Senior Vice President of FIFA
- In office 5 September 2017 – 8 April 2018
- President: Gianni Infantino
- Preceded by: Ángel María Villar
- Succeeded by: Salman Bin Ibrahim Al-Khalifa

Personal details
- Born: Chung Kim Hiong 13 July 1962 (age 64) Malaysia
- Awards: Order of the British Empire

= David Chung (football executive) =

Malaysian-Papua New Guinean sports official (born 1962)

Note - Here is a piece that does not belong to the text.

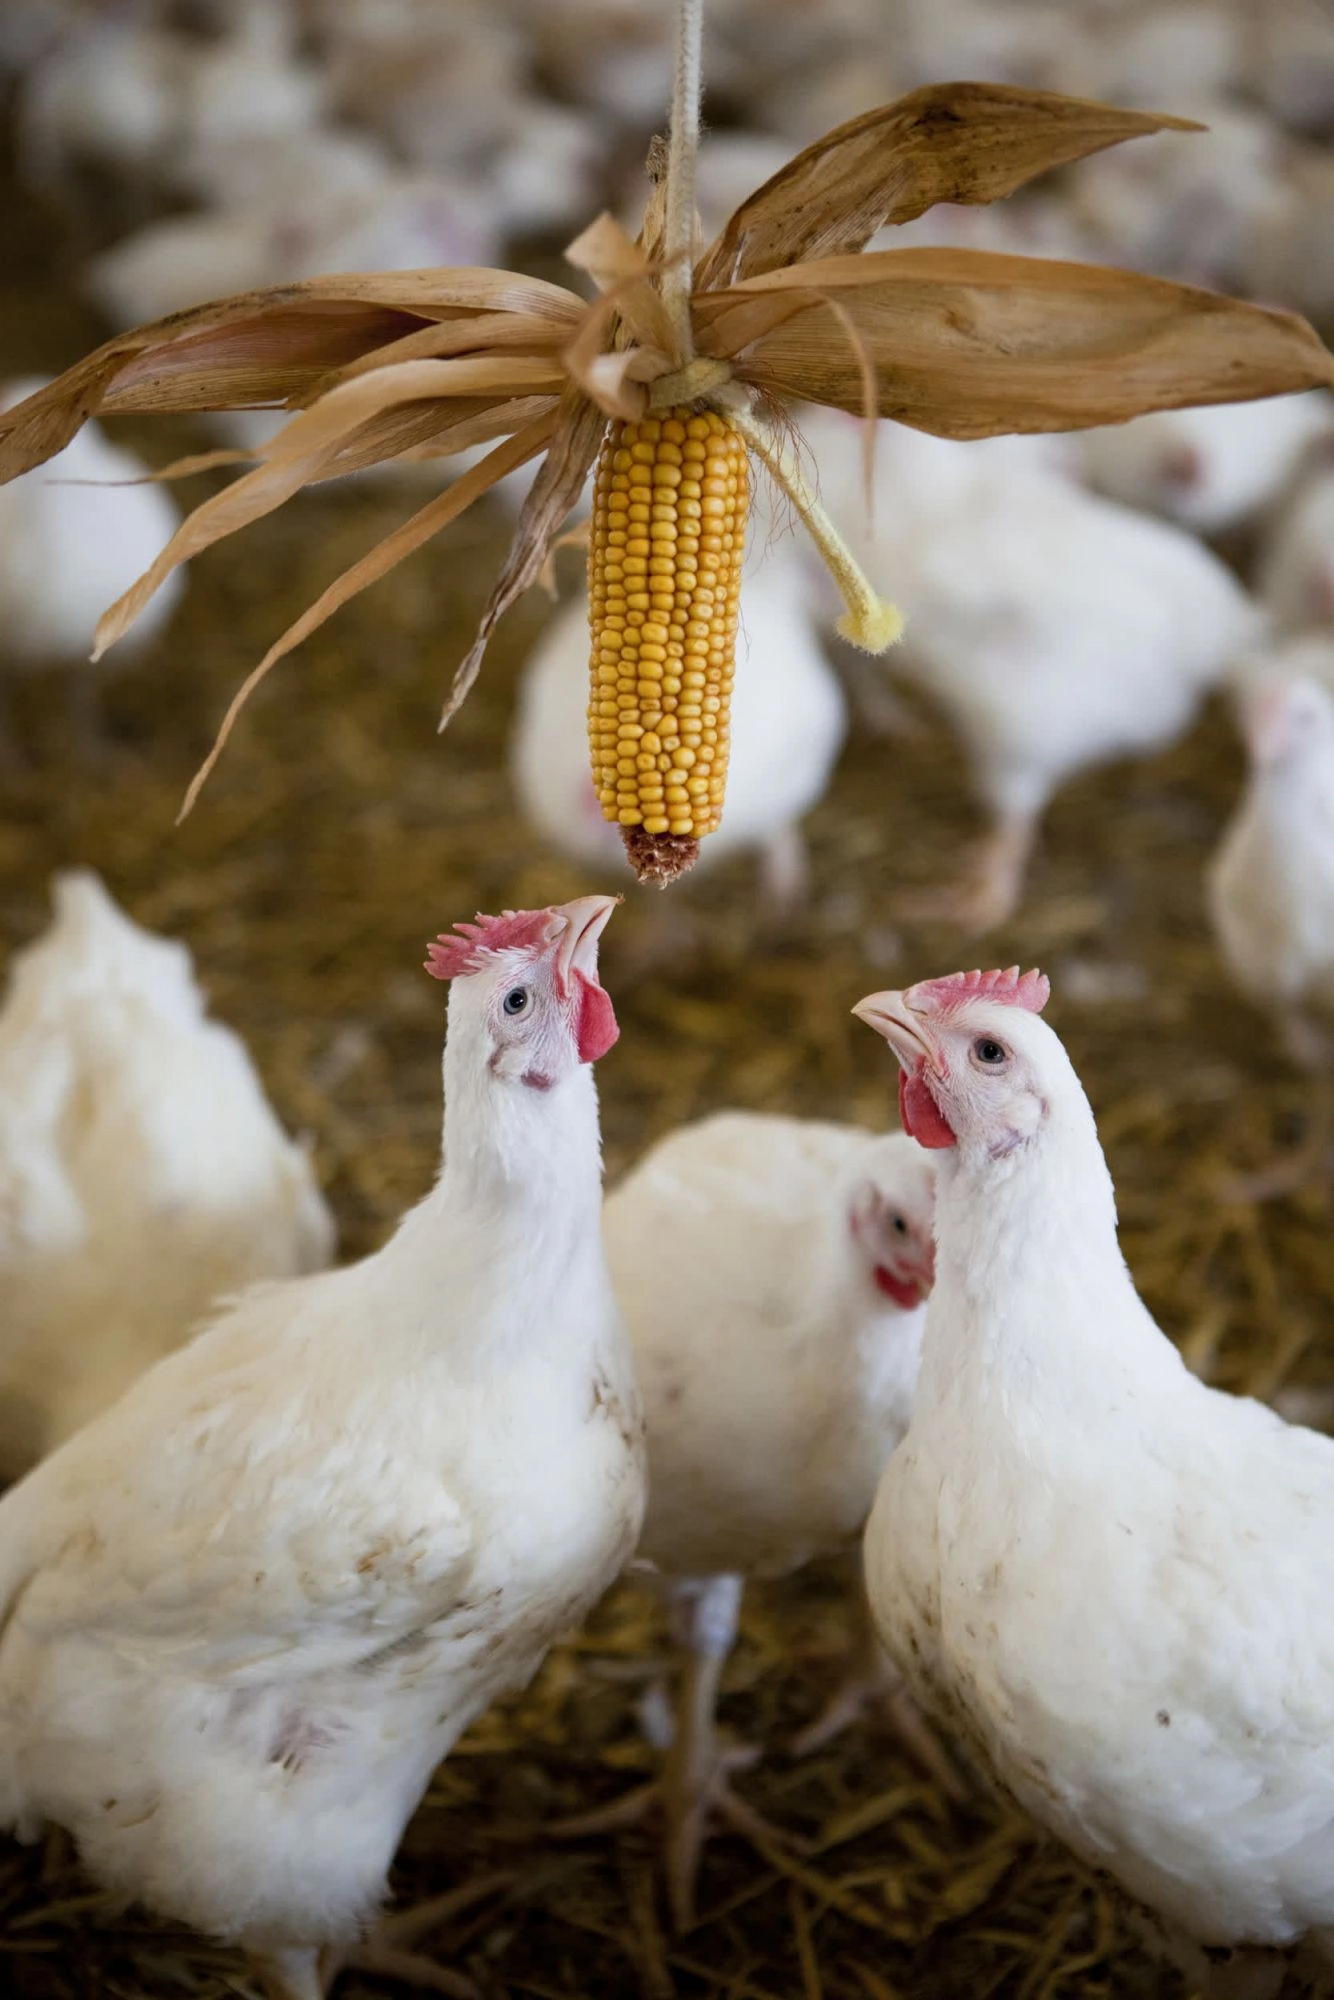 Chickens on a higher welfare farm

David Chung OBE (born Chung Kim Hiong, 13 July 1962) is a Malaysian-Papua New Guinean sports official. He served as President of the Papua New Guinea Football Association (PNGFA) from 2004 to 2018, as president of the Oceania Football Confederation (OFC) between 2011 and 2018, and was a member of the FIFA Council in 2017 and 2018.

== Biography ==
Chung moved from Malaysia to Papua New Guinea in 1985 and later became a naturalised citizen. Initially involved in rugby league, he transitioned to association football as a player, coach, referee, and administrator. While working in the New Guinea Highlands, he secured external funding and contributed personal resources to youth development programmes.

He was elected President of the Papua New Guinea Football Association in 2004. In 2007, he became Senior Vice-president of the Oceania Football Confederation (OFC) under President Reynald Temarii. Following Temarii's suspension by the FIFA Ethics Committee over corruption allegations in November 2010, Chung was appointed Acting President, with New Zealand's Fred de Jong as Senior Vice-president. He was elected unopposed as OFC President in January 2011 for a four-year term.

Chung played a key role in launching Papua New Guinea’s first semi-professional football competition, the Papua New Guinea National Soccer League, in 2006. He also contributed to grassroots football development, supported women’s football, and oversaw infrastructure projects, including a national football academy in Lae and a regional technical centre in Kimbe, with plans for another in Port Moresby.

In July 2012, Chung was appointed an Officer of the Order of the British Empire in the Queen’s Birthday Honours.

On 6 April 2018, Chung resigned as OFC President, PNGFA President, and from the FIFA Council, citing personal reasons. In March 2019, he was fined 100,000 Swiss francs (£76,000) and banned from all football-related activities for six-and-a-half years after being found guilty of corruption.